Biological prototype of the model
A vegetative propagation of rhizomatous lawn grasses is the biological prototype of our model (Fig. 3). Festuca rubra trichophylla (Slender creeping red fescue) is the prototype of aggressive vegetative propagation and Poa pratensis L. and Festuca rubra L. ssp. Rubra are the prototypes of moderate vegetative propagation. One individual corresponds to one tiller. A tiller is a minimal semi-autonomous grass shoot that sprouts from the base. Rhizomes are horizontal creeping underground shoots using which plants vegetatively (asexually) propagate. Unlike a root, rhizomes have buds and scaly leaves. One tiller may have maximum three (Fig. 3D) or six rhizoms (Fig. 3B) in the model. Three rhizoms per tiller correspod to moderate propagation (only a half of the nearest microhabitats) and six rhizoms per tiller correspond to aggressive vegetative propagation. A tiller with roots and leaves develops from a bud on the end of the rhizome. A populated microhabitat goes into the regeneration state after an individual’s death. The regeneration state of a site corresponds to the regeneration of microhabitat’s resources including recycling of a dead individual (Fig. 4). All individuals are identical. Propagation of offsprings of one individual leads to colonization of the uniform, homogeneous and limited habitat (Fig. 2 and Movies S5–S8).

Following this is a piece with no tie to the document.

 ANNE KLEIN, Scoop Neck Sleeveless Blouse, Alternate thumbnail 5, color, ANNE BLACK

The cellular automata model
We have used logical deterministic individual-based cellular automata to model the S-shaped population growth mechanistically (Fig. 2). This model demonstrates the underlined individual-based mechanisms. A classical model of the S-shaped population growth is the Verhulst model, which is of completely non-mechanistic black-box nature.
The presented cellular automata model is defined by the 4-tuple:
a cellular automata lattice, uniting a collection of sites;
a finite set of possible states for each lattice site;
a cellular automata neighborhood which consists of a site and its intrinsically defined neighbors;
a function of transitions between the states of a lattice site.

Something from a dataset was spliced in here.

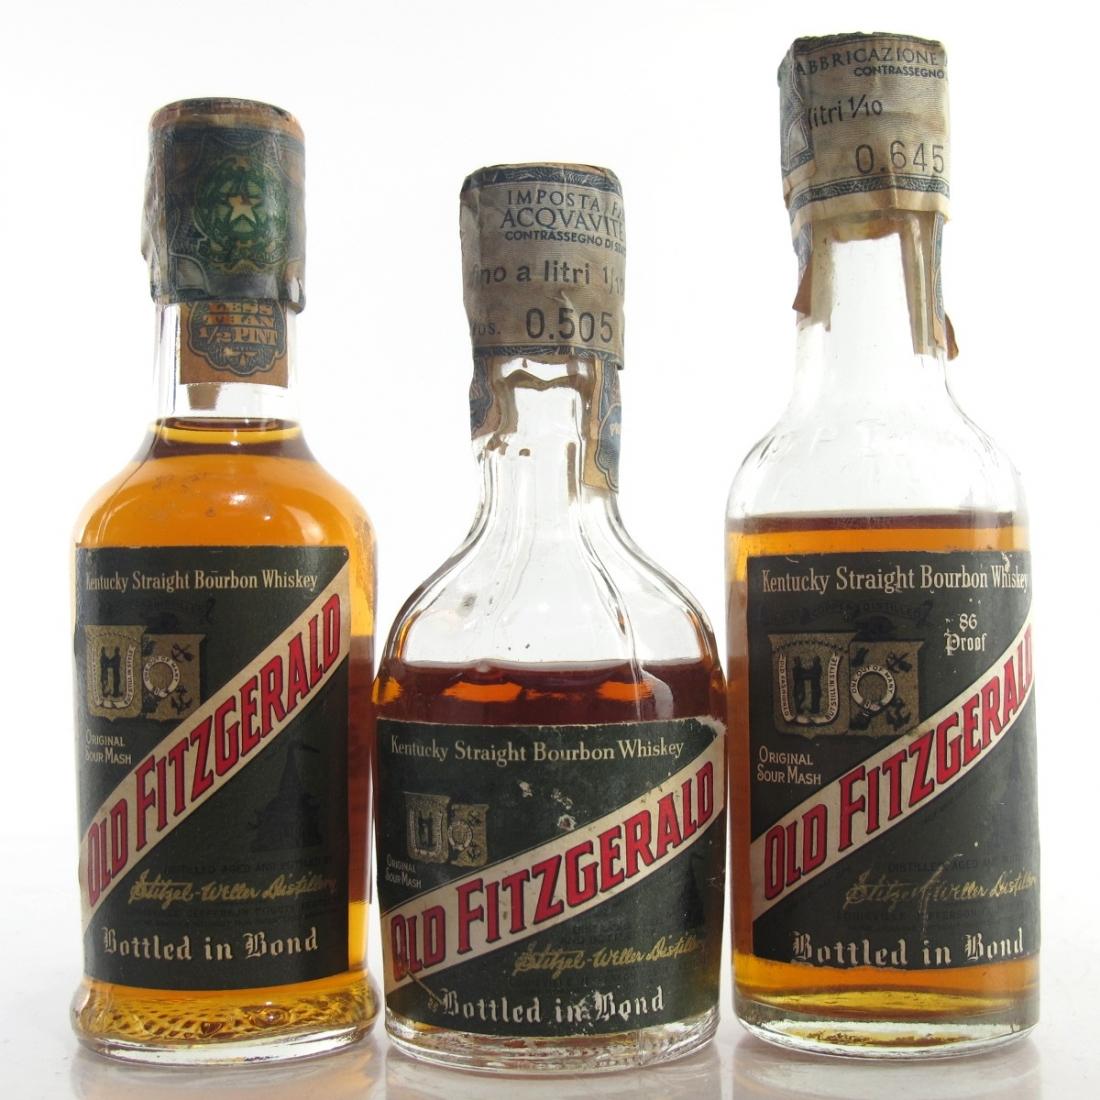 Old Fitzgerald Miniature Selection 3 x 1/10 Pint / Stitzel-Weller

The best example of a white-box mechanism is a mechanical watch. Our model metaphorically resembles a mechanical watch in transparent case. A neighborhood logically binds dynamics of all cellular automata sites into one holistic complex dynamic system. There are three most known cellular-automata neighborhoods: von Neumann, Moore and hexagonal. The neighborhood may be of any type. Here we use the hexagonal and tripod neighborhoods which allow to model aggressive and moderate vegetative propagation of rhizomatous lawn grasses (Fig. 3). Different configurations of tripod patterns in Figs. 3C and 3D are results of the fact that the cellular automata neighborhood is implemented successively for each lattice site.
Integration of reductionist and holistic approaches is one of the challenges for mathematical modeling. Our white-box model of single-species population dynamics opens up new possibilities to solve this challenge. This mechanistic model is hierarchically subdivided into micro-subsystems, meso-subsystems and the whole macro-system. A micro-level is modeled by lattice sites (cellular automata cells). A meso-level of local interactions of micro-objects is modeled by the cellular automata neighborhood. A macro-level is modeled by the entire cellular automata lattice. This is a ‘multy-level’ modelling as parallel logical operations performed on micro-level, meso-level and macro-level of the model. A unique feature of the cellular automata is the possibility to model part-whole relationships mechanistically. The relationships of the parts and the whole are modelled using the transition function (combination of the neigbourhood and rules of transition) between states of a lattice site. Parts are the lattice sites and the whole (ecosystem) is the lattice. On each iteration of evolution of the modeled macrosystem the states of its microsystems are changing simultaneously on the basis of logical ruless taking into account states of the neighbouring microsystems (neigbourhood’s sites). This allows to model how interactions of microsystems (parts) produce evolution of the macro-system (whole) which leads to emergence of its new properties (the ecosystem patterns). The white-box cellular automata model shows interactions of parts within the whole, i.e., ‘part-whole’ relations in the modeled complex system.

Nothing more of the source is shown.